An airstair is a passenger staircase that is built in to an airliner - often, though not always, on the inside of the bottom half of a clamshell-style door. The stairs can be raised or lowered while the aircraft is on the ground, allowing passengers to board or depart the aircraft without the need for a mobile staircase or a jetway. Some piston-era airliners were equipped with airstairs, including the Martin 2-0-2, Martin 4-0-4, and versions of the Douglas DC-3 specially modified in the 1940s by Southwest Airways. Although uncommon on modern commercial airliners, most business jets are fitted with one, as were some of the early generation of jet airliners, such as the Boeing 727 and the Ilyushin Il-86, allowing them to operate from airfields with minimal support facilities.

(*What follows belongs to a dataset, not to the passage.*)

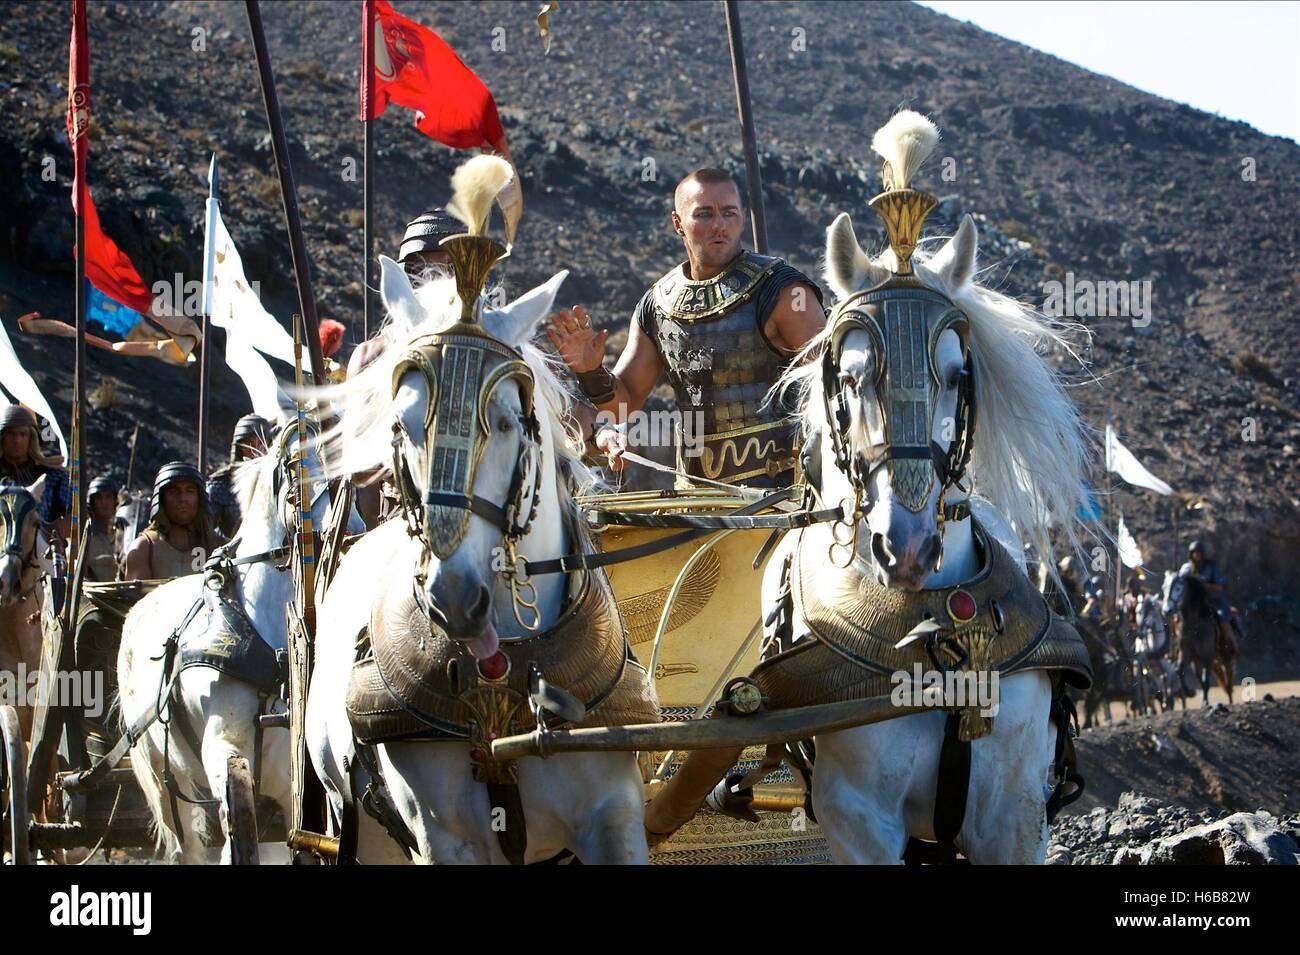 JOEL EDGERTON EXODUS: GODS AND KINGS (2014) - Stock Image

The most well-known airstair is probably that found in the rear underbelly of the Boeing 727. It was this airstair that obviously caught the eye of a man travelling under the name Dan Cooper, also known as D. B. Cooper. On November 24, 1971, he hijacked Northwest Orient Airlines Flight 305 flying from Portland, Oregon. With the $200,000.00 he extorted for the release of the passengers, he parachuted from the plane at low altitude after lowering the airstair on the aircraft, a feat most experts say would have been impossible to pull off successfully had he hijacked any other jet airliner and tried to exit the plane through one of the cabin doors. It is still debated today whether he was in fact successful, because neither he nor most of the money ever surfaced again.

Following the D. B. Cooper incident and two other similar cases, the Federal Aviation Administration required a device to be fitted to 727 airstairs preventing them from being opened in flight; this device came to be known as a Cooper Vane. Many airlines sealed it entirely.

The Airstair is also a special feature on the United States President's Air Force One Boeing 747.